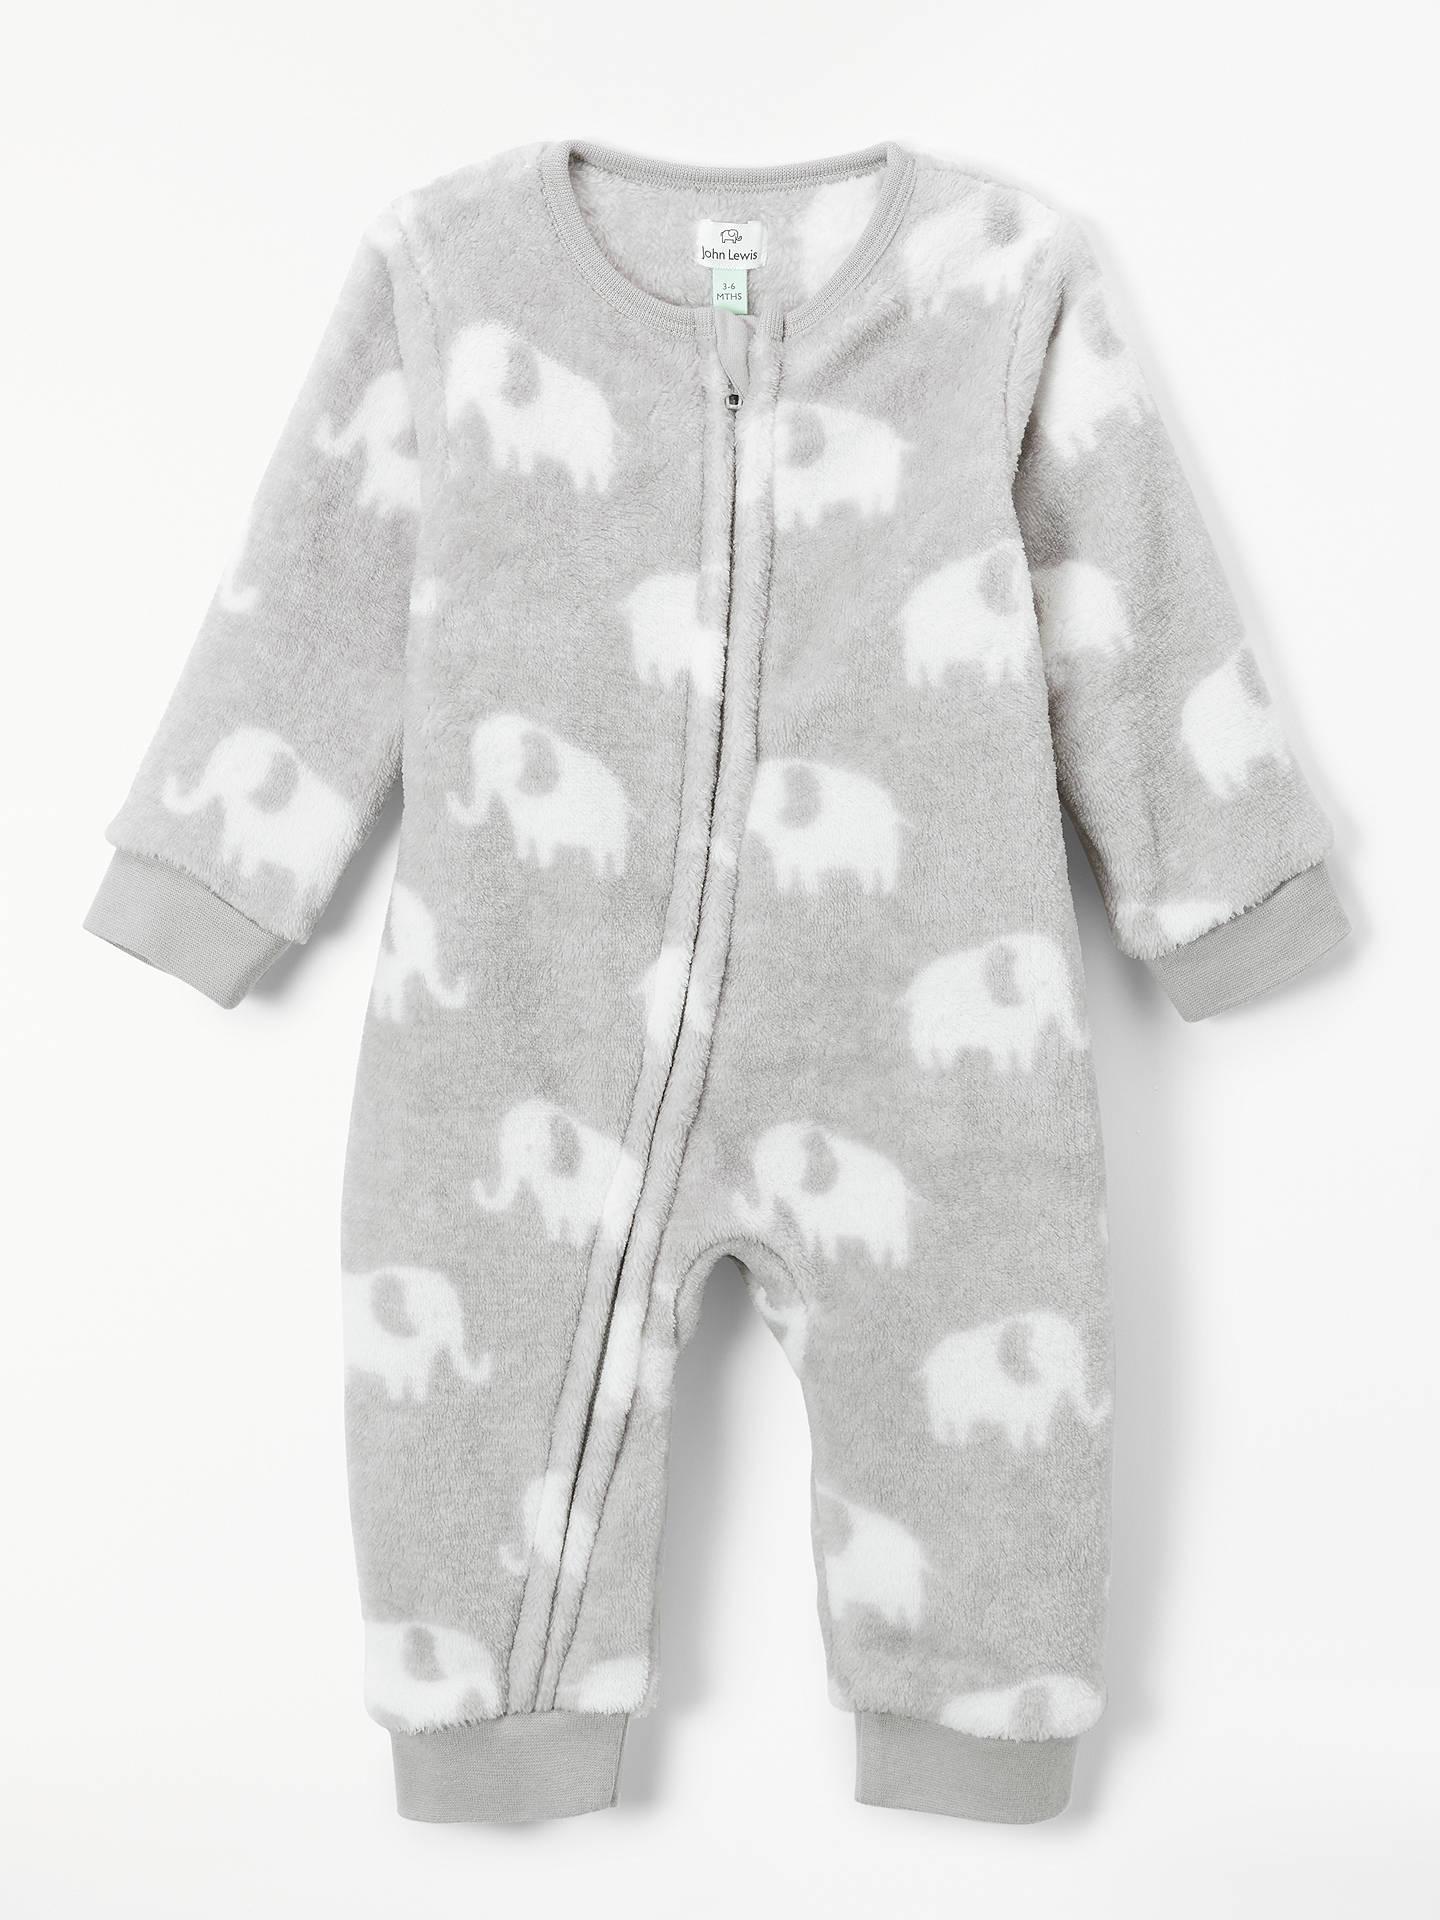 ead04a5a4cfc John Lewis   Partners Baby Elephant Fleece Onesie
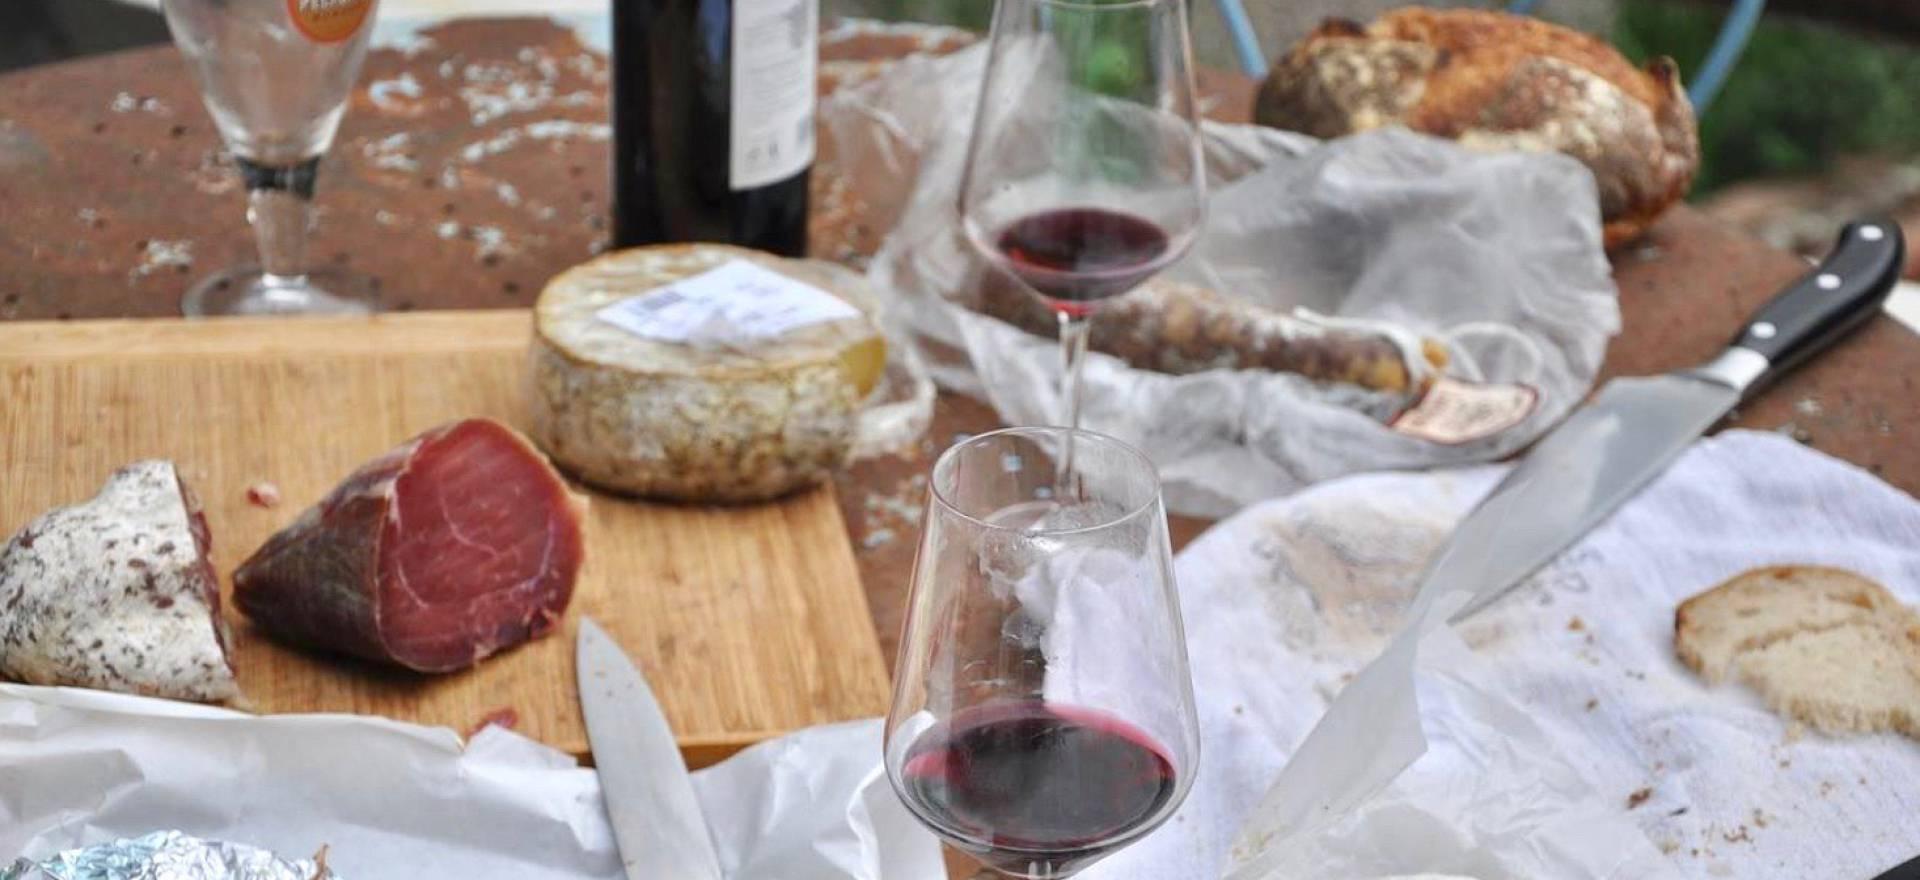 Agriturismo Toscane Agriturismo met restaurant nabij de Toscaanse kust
* * *
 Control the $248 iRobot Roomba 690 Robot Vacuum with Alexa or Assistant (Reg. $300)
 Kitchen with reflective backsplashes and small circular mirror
--
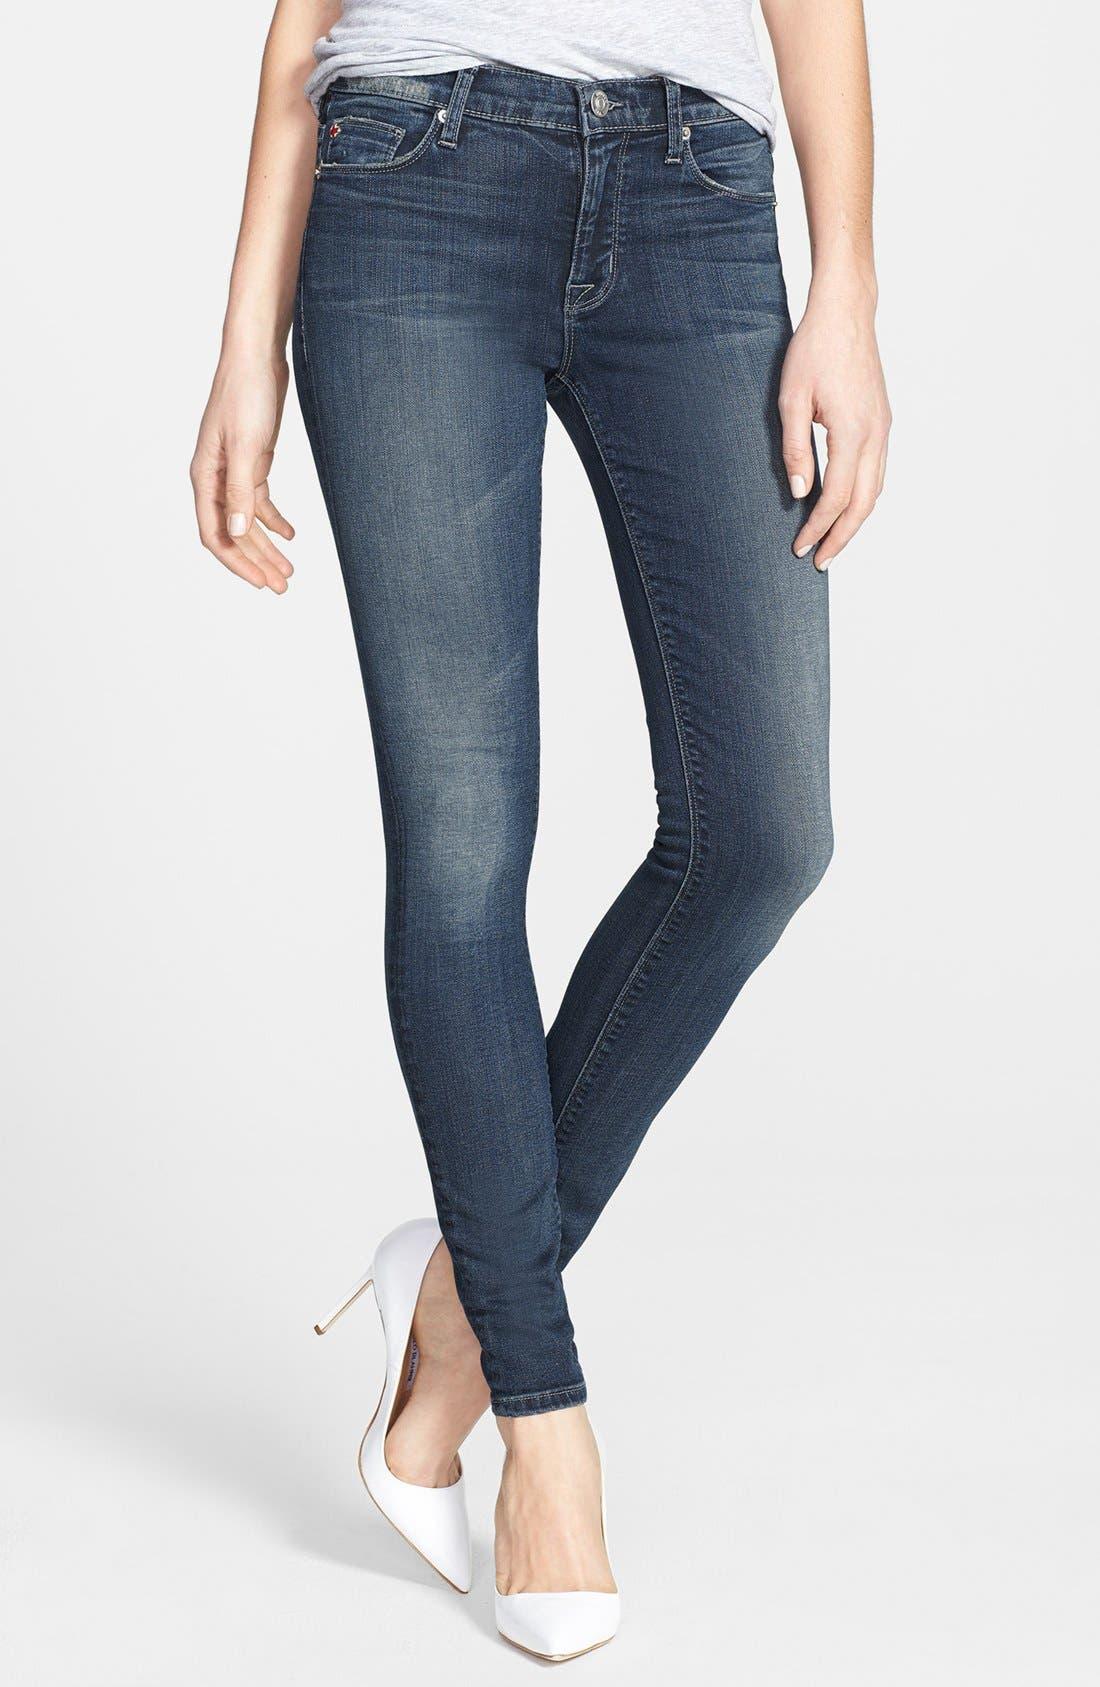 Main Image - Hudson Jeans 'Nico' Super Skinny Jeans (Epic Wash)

* DIRECTIONS FOR THIS TASK:
Search the material above for the string "with". Show every line that holds it.

* ANSWER:
 Control the $248 iRobot Roomba 690 Robot Vacuum with Alexa or Assistant (Reg. $300)
 Kitchen with reflective backsplashes and small circular mirror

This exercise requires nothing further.